Childbearing is not associated with young women's long-term obesity risk

Authors

  • Whitney R. Robinson,

    Corresponding author
    1. Department of Epidemiology UNC Gillings School of Global Public Health, University of North Carolina, Chapel Hill, North Carolina, USA
    2. Carolina Population Center, University of North Carolina, Chapel Hill, North Carolina, USA
    Search for more papers by this author
  • Mariah M. Cheng,

    1. Carolina Population Center, University of North Carolina, Chapel Hill, North Carolina, USA
    Search for more papers by this author
  • Katherine J. Hoggatt,

    1. Department of Epidemiology, UCLA School of Public Health, California, USA
    2. Department of Epidemiology, UCLA School of Public Health, Los Angeles, CA
    Search for more papers by this author
  • Til Stürmer,

    1. Department of Epidemiology UNC Gillings School of Global Public Health, University of North Carolina, Chapel Hill, North Carolina, USA
    Search for more papers by this author
  • Anna M. Siega-Riz

    1. Department of Epidemiology UNC Gillings School of Global Public Health, University of North Carolina, Chapel Hill, North Carolina, USA
    2. Carolina Population Center, University of North Carolina, Chapel Hill, North Carolina, USA
    3. Department of Nutrition UNC Gillings School of Global Public Health, University of North Carolina, Chapel Hill, North Carolin, USA
    Search for more papers by this author

  • Funding agencies: WRR was supported by the University of Michigan Robert Wood Johnson Foundation Health and Society Scholar's small grant program, the National Cancer Institute (1K01CA172717-01), and University Cancer Research Funds at the Lineberger Cancer Center at UNC-Chapel Hill.
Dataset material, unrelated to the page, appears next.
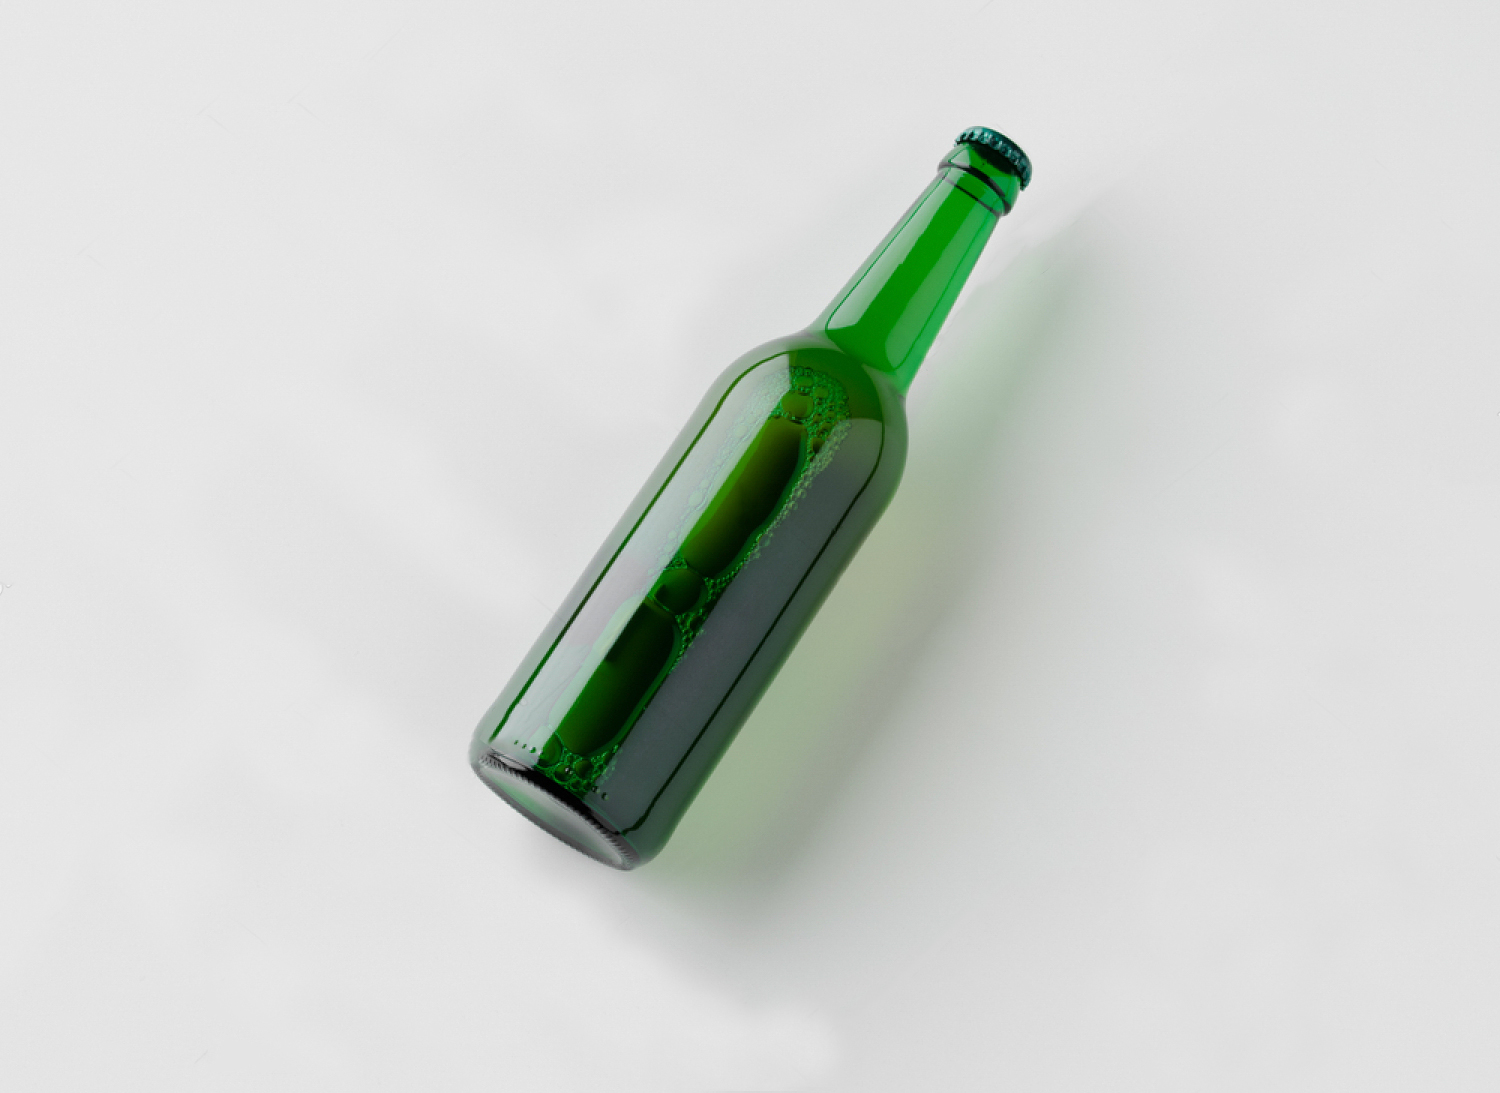 Dark Green Beer glass bottle liquor 330ml 550ml 750ml Beer Bottle Botol Gelas Bir Garrafa De Vidro De Cerveja Bira Sisesi

We are also grateful to the Carolina Population Center (R24 HD050924) for general support. KJH was funded through a VA HSR&D QUERI Career Development Award (CDA 11-261) at the VA Greater Los Angeles and received additional support from the VA Office of Academic Affiliations. TS receives investigator-initiated research funding and support as Principal Investigator (R01 AG023178) from the National Institute on Aging at the National Institutes of Health. He also receives research funding as Principal Investigator of the UNC-DEcIDE center from the Agency for Healthcare Research and Quality. TS does not accept personal compensation of any kind from any pharmaceutical company, though he receives salary support from the Center for Pharmacoepidemiology and from unrestricted research grants from pharmaceutical companies (GlaxoSmithKline, Merck, Sanofi) to the Department of Epidemiology, University of North Carolina at Chapel Hill.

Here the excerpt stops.